By Shai Afsai
Representatives of Nigeria’s Gihon Synagogue will celebrate Sukkot in Rhode Island
Elder Peter Agbai, the leader of Abuja’s Gihon Synagogue, and Pinchas Ogbukaa, Gihon’s spokesman, will be traveling to Rhode Island in September to celebrate Sukkot, Shemini Atzeret, and Simchat Torah, following an invitation from Providence’s Congregation Beth Sholom (a modern Orthodox synagogue) and Temple Emanu-El (a Conservative synagogue).
Gihon’s members are Nigerians who have embraced Judaism, but have not gone through a formal conversion process. Many believe themselves to be descendants of a lost tribe of ancient Israelites. Gihon has had an active congregation in Abuja since the early 1990s, and built its current synagogue structure in 2005. Elder Agbai assumed the leadership of Gihon Synagogue after retiring as Assistant Director of Geology for Nigeria’s Federal Capital Development Authority in 2006.
I was welcomed at Gihon Synagogue when I journeyed to Abuja this past February. In going there I had followed in the footsteps of Northeastern University professor William (Bill) Miles, a member of Temple Emanu-El and the author of the recently-published Jews of Nigeria: An Afro-Judaic Odyssey, who spent time at Gihon in 2009 and 2011. His book includes ten pages of interviews with Elders Agbai and Ogbukaa.
Congregation Beth Sholom’s Rabbi Barry Dolinger, and Temple Emanu-El’s Rabbi Wayne Franklin and Rabbi Elan Babchuck have been eager to reciprocate the hospitality shown in Abuja to their members.
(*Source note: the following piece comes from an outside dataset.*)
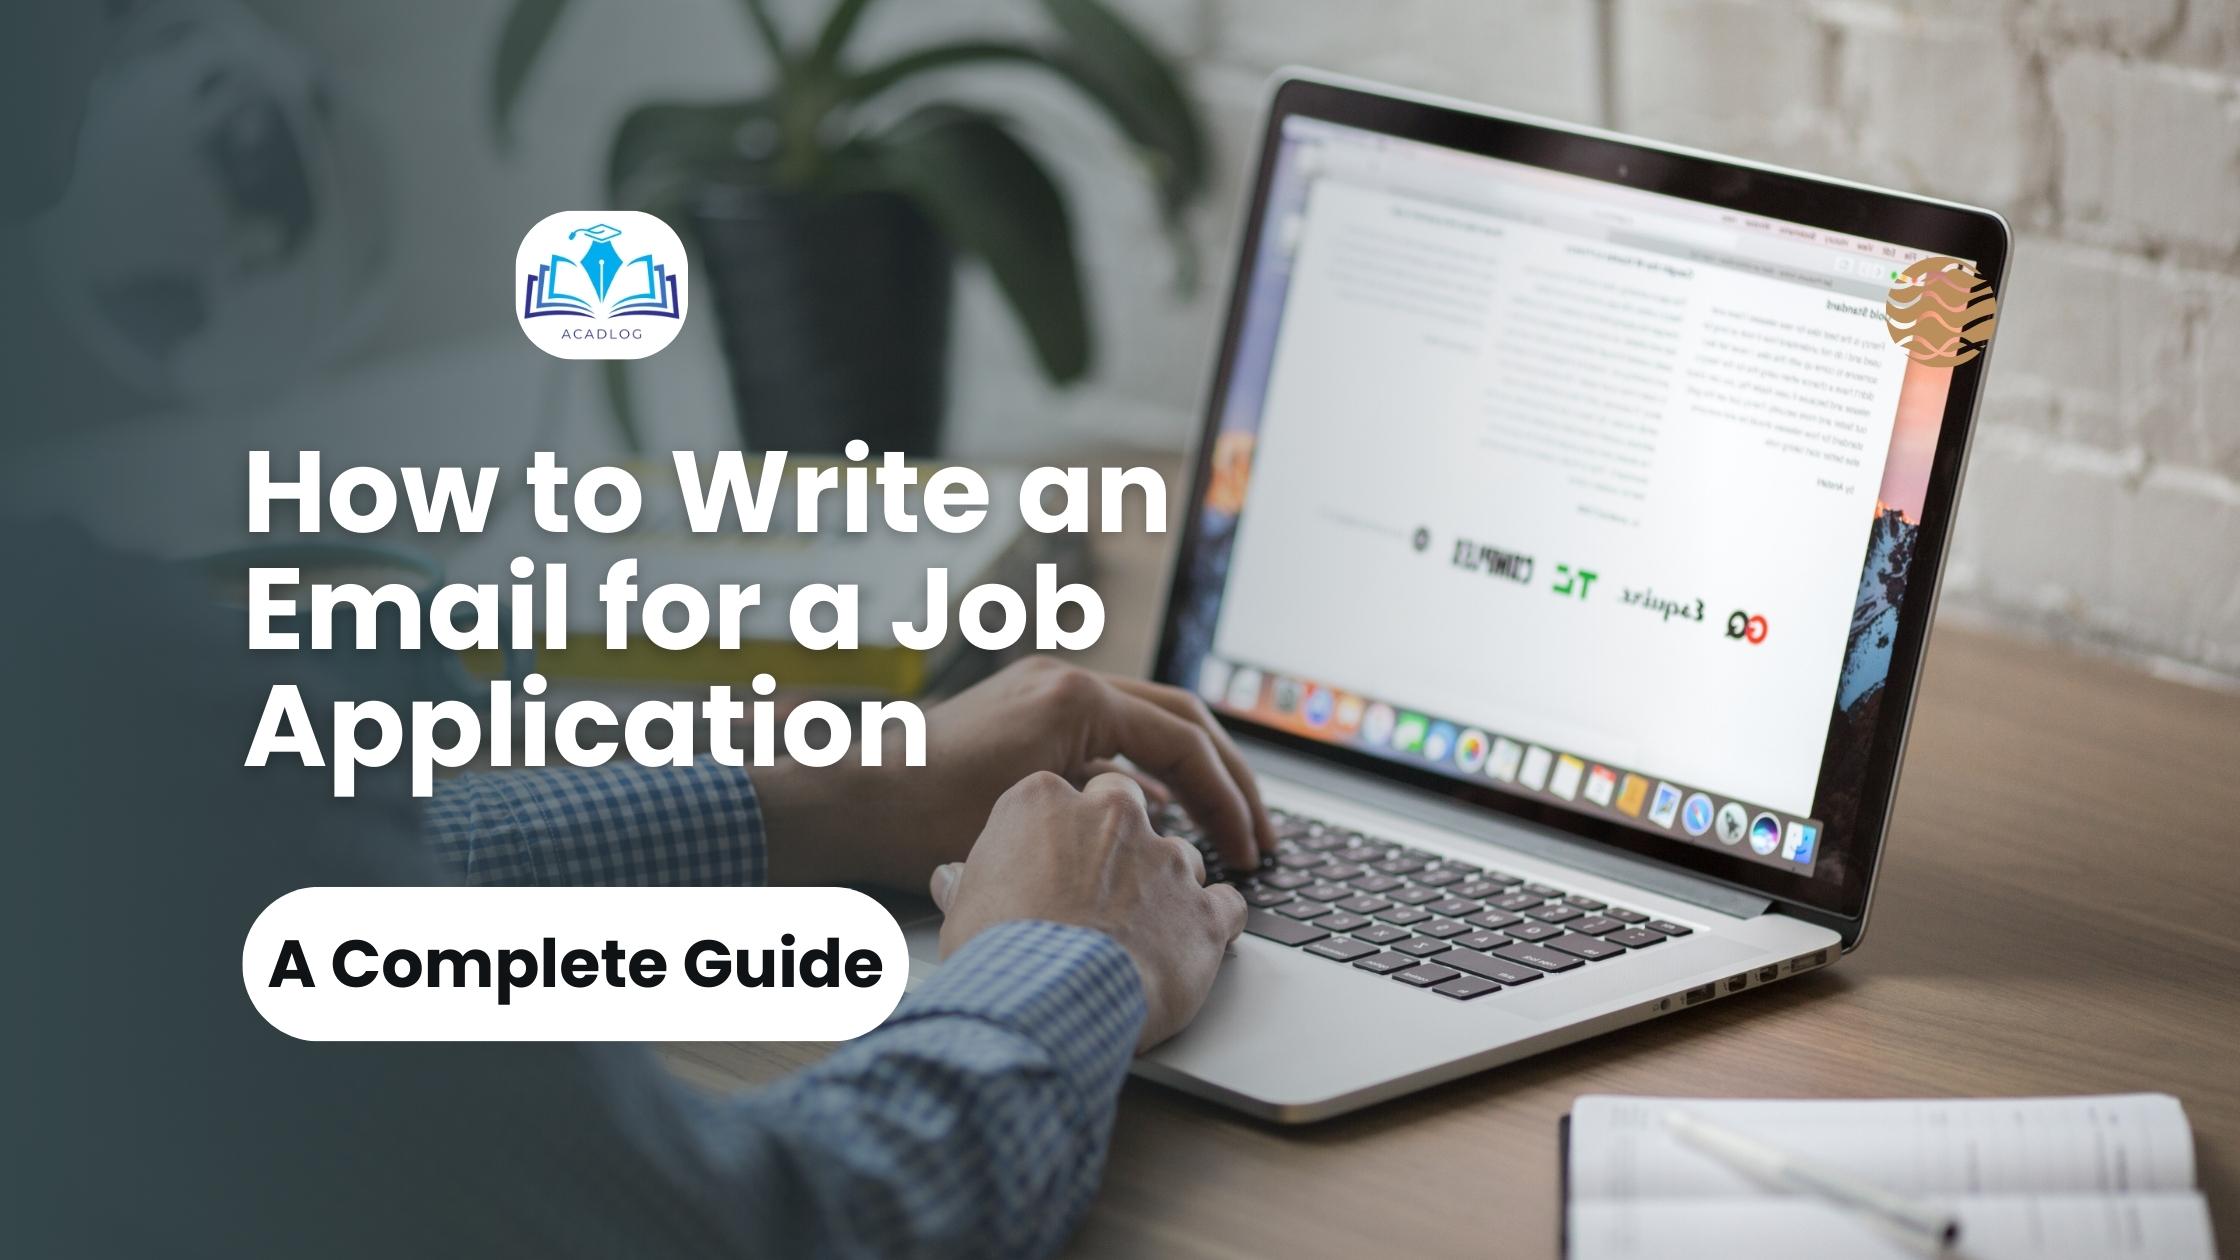 How to Write an Email for a Job Application

The three rabbis hope the September visit from Nigeria will strengthen the ties between the Abuja and Providence congregations, while affording Elder Agbai and Ogbukaa the opportunity to learn more about Rhode Island’s Jewish community and its institutions.
At the same time, the rabbis also believe that Rhode Island Jewry can learn from those now practicing Judaism in Abuja. “These people are serious,” said Rabbi Franklin. “We should be as dedicated and enthusiastic to learn as they are.”
One of the main difficulties confronting the members of Gihon and Tikvat Israel (another Nigerian synagogue in Abuja) is their distance from world Jewry. “We are adherents of the Jewish faith in Nigeria. We are neither Christian nor Muslim,” said Ogbukaa concerning the purpose of traveling to Rhode Island. “The greatest of all the challenges we are facing is that of isolation.”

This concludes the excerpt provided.